Günlerdir bir türlü nefes aldırmayan asık suratlı, soğuk-gri kasvetiyle hapishaneyi teslim alan yağmur nihayet durdu.
Fırsat bu fırsat diyip...
Sabah kahvaltısından sonra havalandırmaya çıktım.
Boynumdaki dikişlerden dolayı, başımı tam olarak gökyüzüne çeviremezsem de...
Göğün mavisi ve maviyle dans eden gün ışıklarını seyrettim biraz.
Yüzüme ve ellerime değen havanın soğukluğu bir bıçak keskinliğinde, tenimi kesiyormuş gibi canımı yaksa da, aldırmadan voltaya vurdum kendimi.
Haftalardır içeride kapalı kalmış olmanın yarattığı uyuşukluğa bu volta iyi gelir diye düşündüm.
Zira bu haftasonu önüme koyduğum ve bitirmem gereken işler hayli fazla.
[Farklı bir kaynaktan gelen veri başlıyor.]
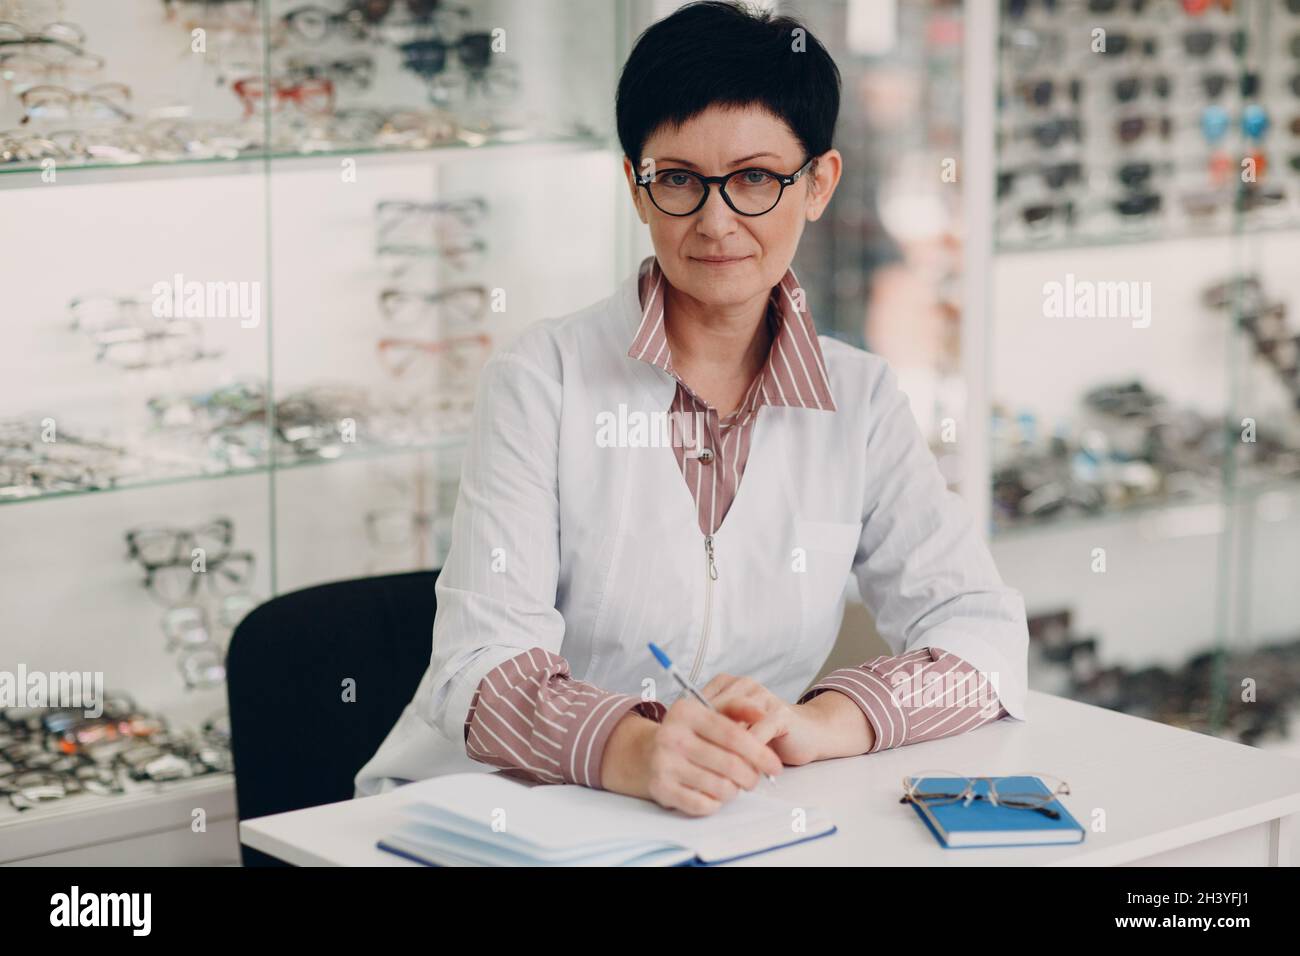 Schöner reifer Optiker, der im Augenoptiker-Salon ein Buch geschrieben hat Stockfoto

Demem o ki, çok çalışmalıyım çok!
Hızla sabah mahmurluğundan da, hastalığın yarattığı ataletten de kurtulmalıyım.
Havanın berrak ama keskin soğuğu ne kadar işe yaradı, bilmiyorum.
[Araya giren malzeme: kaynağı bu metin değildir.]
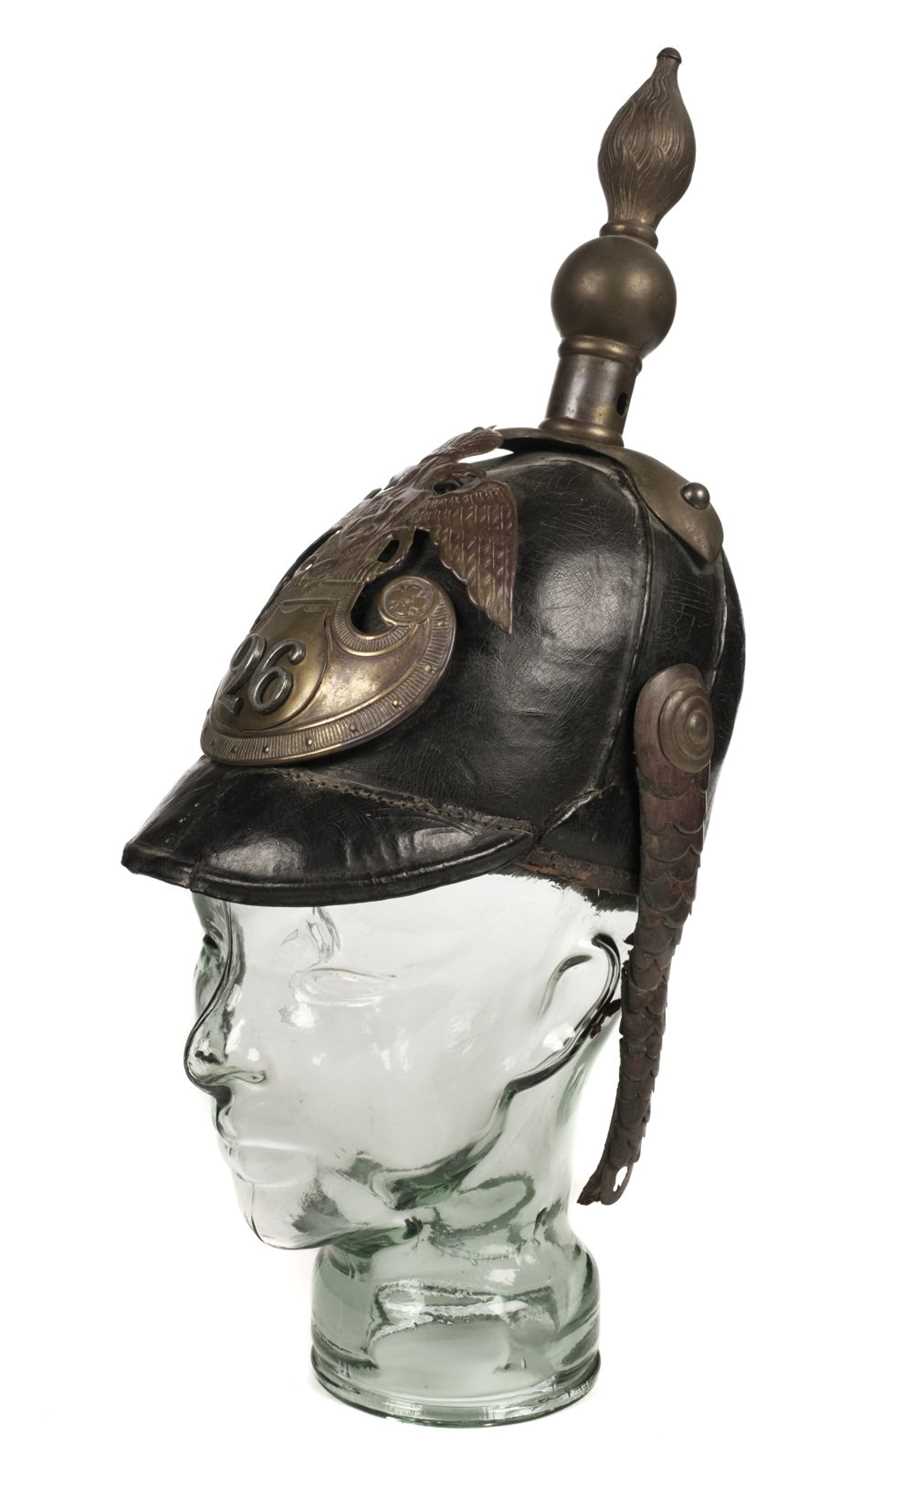 Lot 370 - Helmet. Russian Model 1844 style Helmet

Ama bir-kaç tur voltanın ardından hemen içeri kaçıverdim.
Ve oyalanmadan masamın başında soluğu aldım.
Kandıra'dan Gebze'ye geldikten kısa bir süre sonra koğuşdaşlarıımdan Meral bir defter vermişti.
Bir Cumartesi yazıma o defteri konuk etmemi istemişti.
Geçen Cumartesi yazımı bitirdiğimde bu hafta Meral'in verdiği defteri konuk etmenin zamanı geldi diye düşünüp, planladım.
Bu nedenle de, dün öğlenden sonra Meral ve Hülya'dan defterin sahibi sevgili Güler Zere'yle yaşadıkları/paylaştıkları mapusluk günlerini anlatmalarını istedim.
Ben sordum onlar anlattılar...
Bu sabah da masama oturmadan plastik komedinin çekmecesinden o defteri alıp, sol yanıma koydum.
Kulaklarımda dün Hülya ve Meral'in Güler Zere'ye ilişkin anlattıkları, yavaş yavaş defterin sayfalarını çevirip, okumaya başladım.
İlginçtir! Bu defteri ne zaman elime alıp, sayfalarını çevirmeye başlasam, ak kâğıtla temas eden parmaklarımda bir yanma hissediyorum.
Tıpkı geçtiğimiz Ocak ayında kahrolası bir trafik kazasında yitirdiğimiz Rezan Kotil'in haberini dinledikten birkaç saat sonra 17 Ocak'ta genç koğuşdaşım İlke'ye çektiğim faksı elime aldığımda ki gibi...
* * *
Değişik zamanlarda paylaşmıştım; tutsakların birçoğunun defter tuttuğunu.
Bu deftere kiminin anılarını, kiminin sevdiği şiir, şarkı-türkü ve marş sözlerini, kiminin de kendi şiirlerini, arkadaşlarından gelen şiirleri yazdıklarını belirtmiştim.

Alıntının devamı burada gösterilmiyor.